* Assigned task: Given the records below, the lines starting at the line with "A photo showing an asthma inhaler" and ending at the line with "Good Vibrations. Entspannt" should be output exactly, both end lines kept and pictures left out.

* Given data:
• • • • • • •

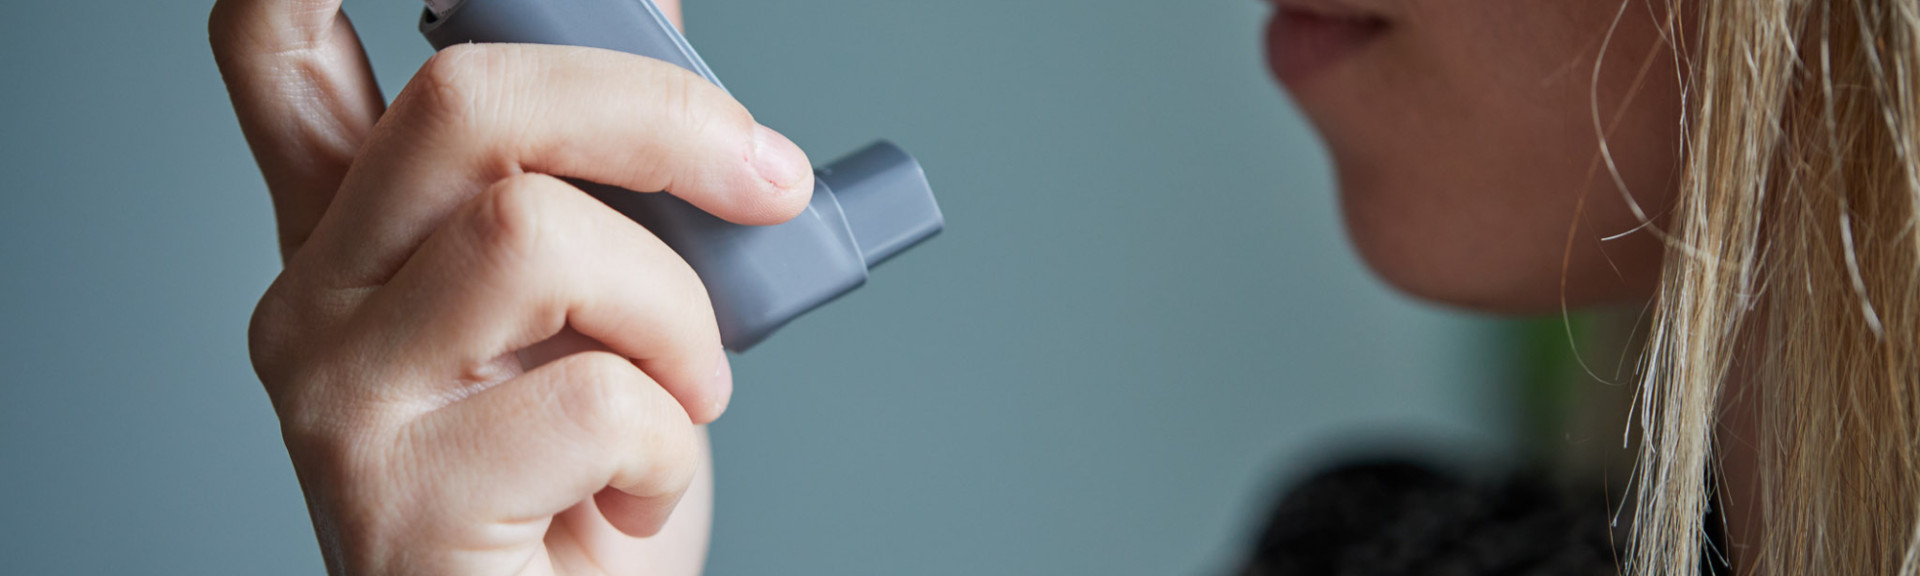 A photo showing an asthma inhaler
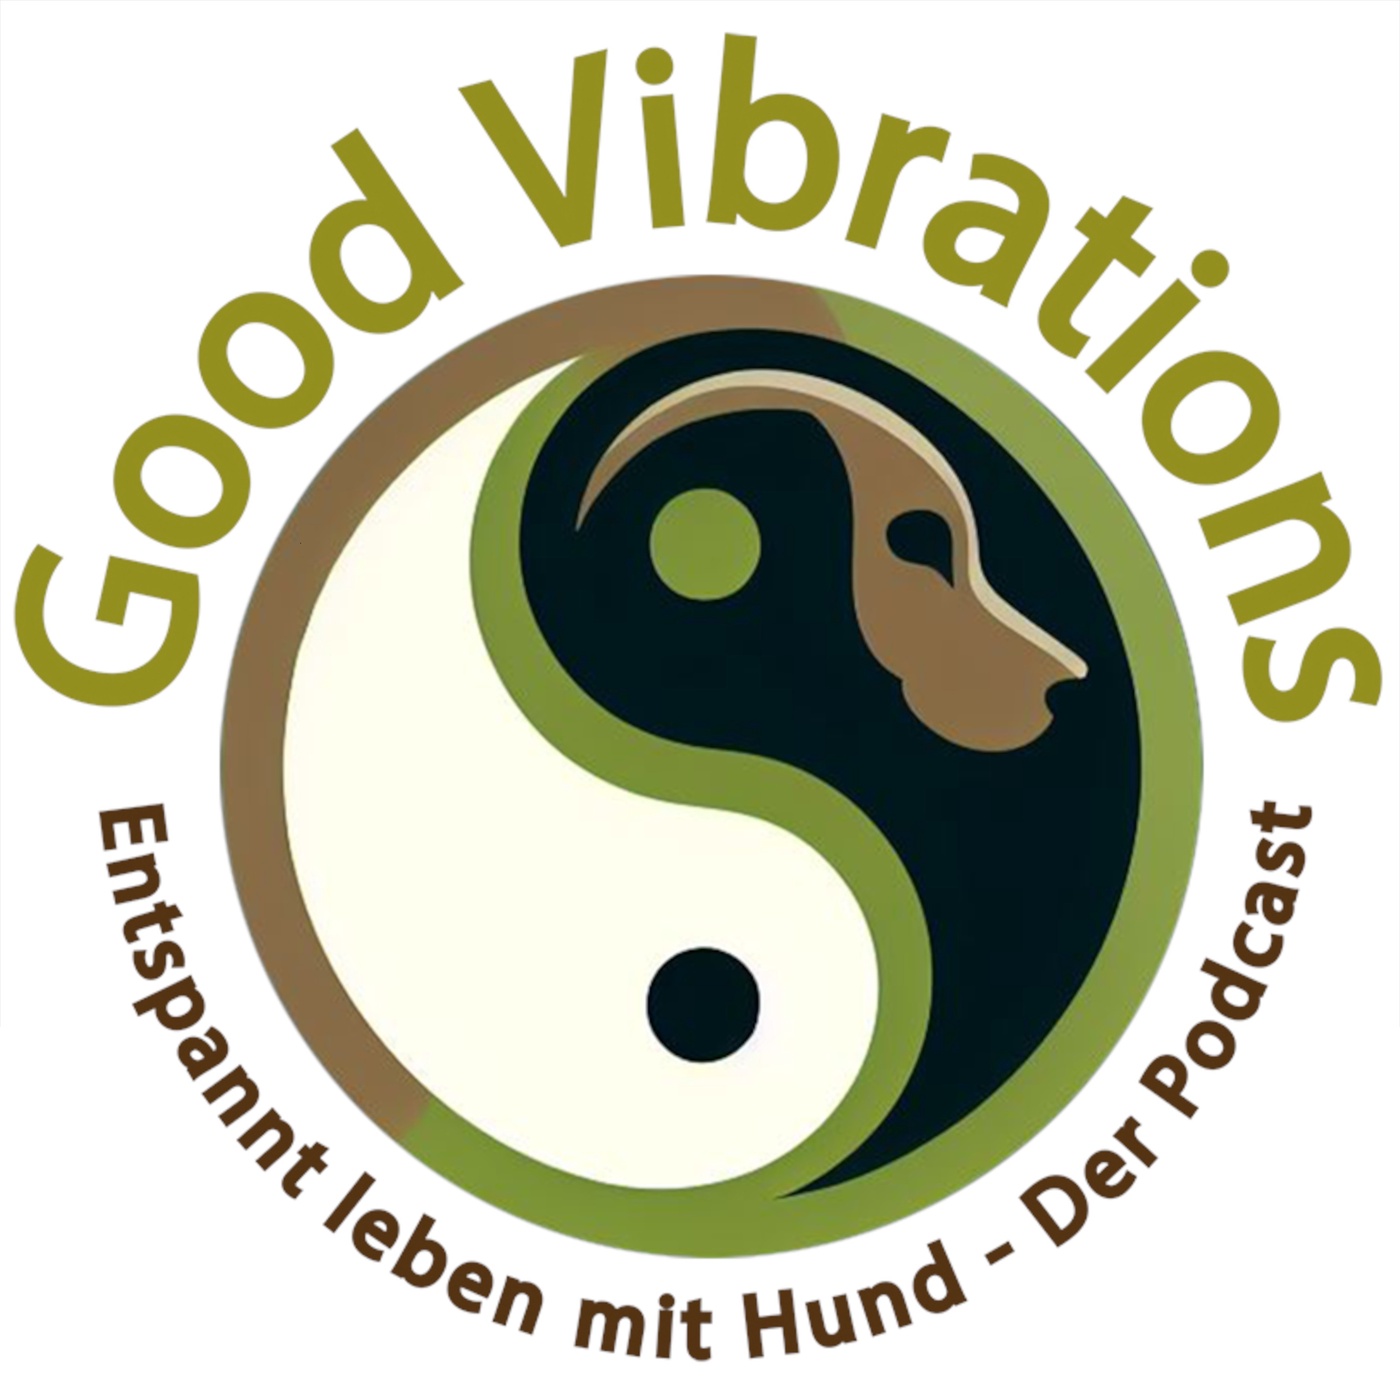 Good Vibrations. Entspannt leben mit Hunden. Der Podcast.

• • • • • • •

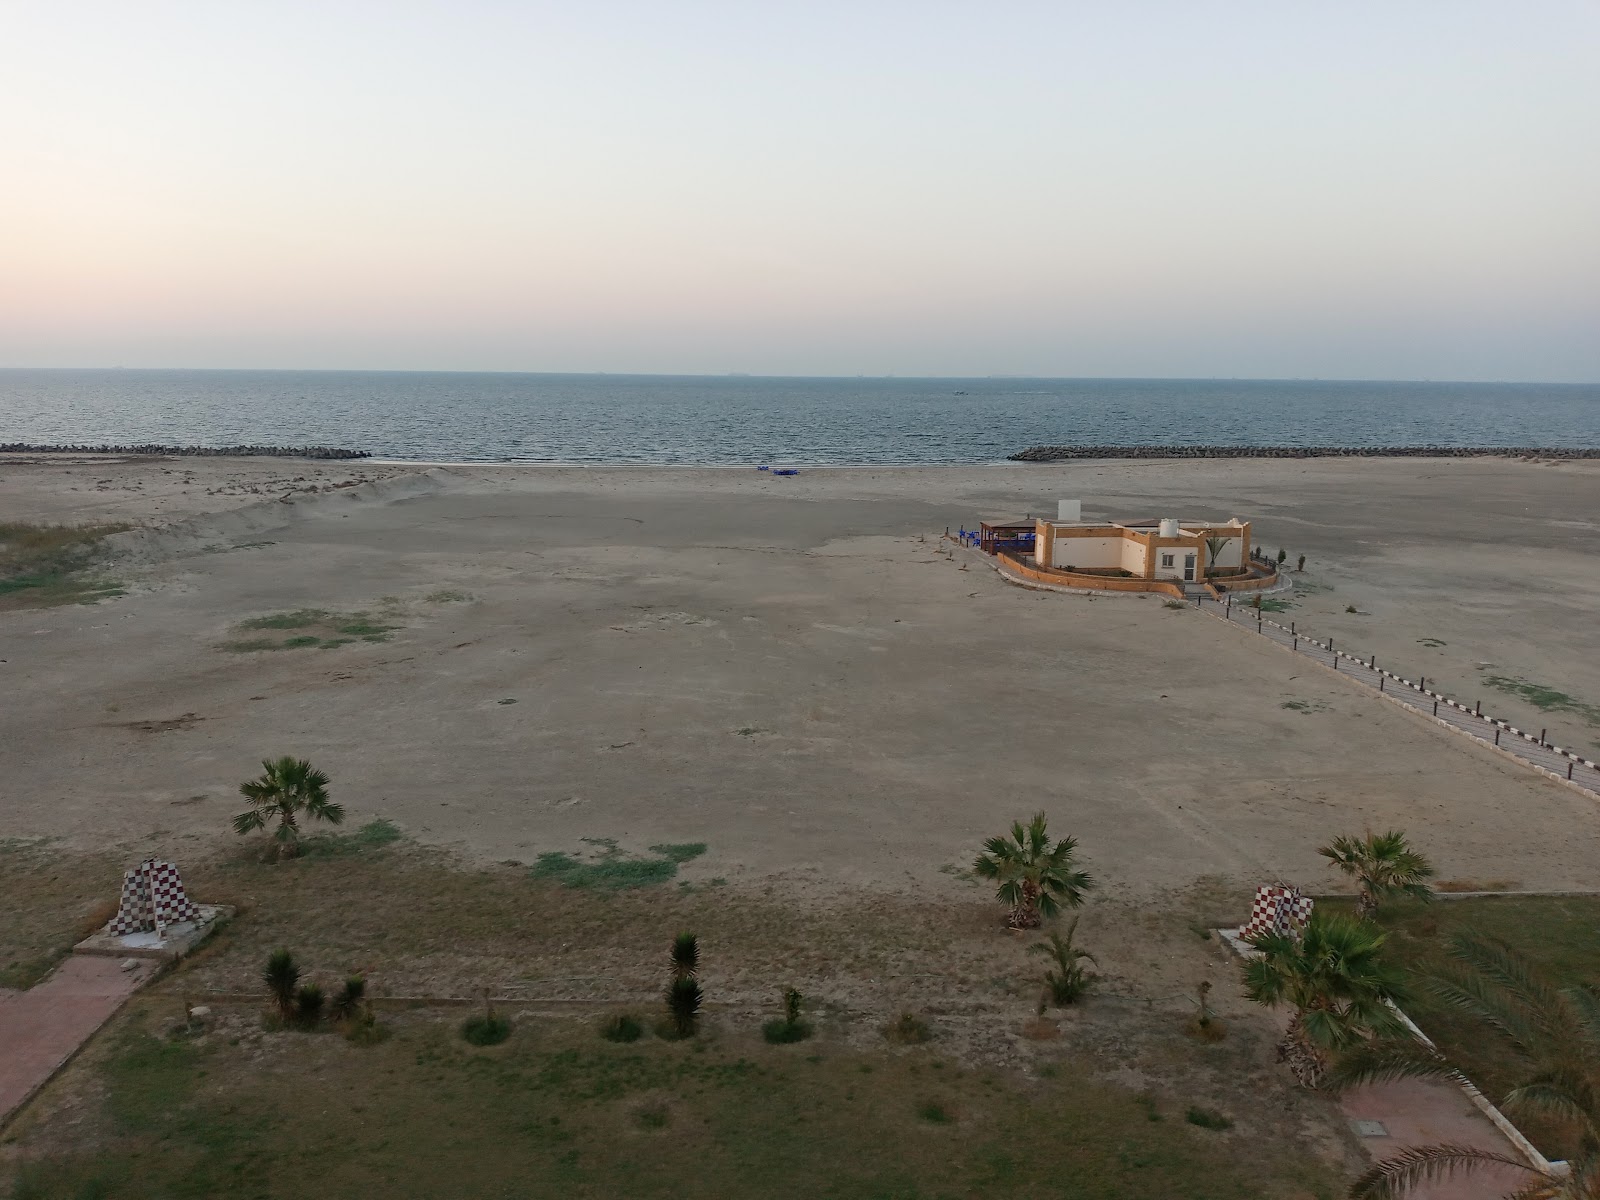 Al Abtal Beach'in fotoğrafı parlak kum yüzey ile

• • • • • • •

* Solution to this exercise:
 A photo showing an asthma inhaler
 Good Vibrations. Entspannt leben mit Hunden. Der Podcast.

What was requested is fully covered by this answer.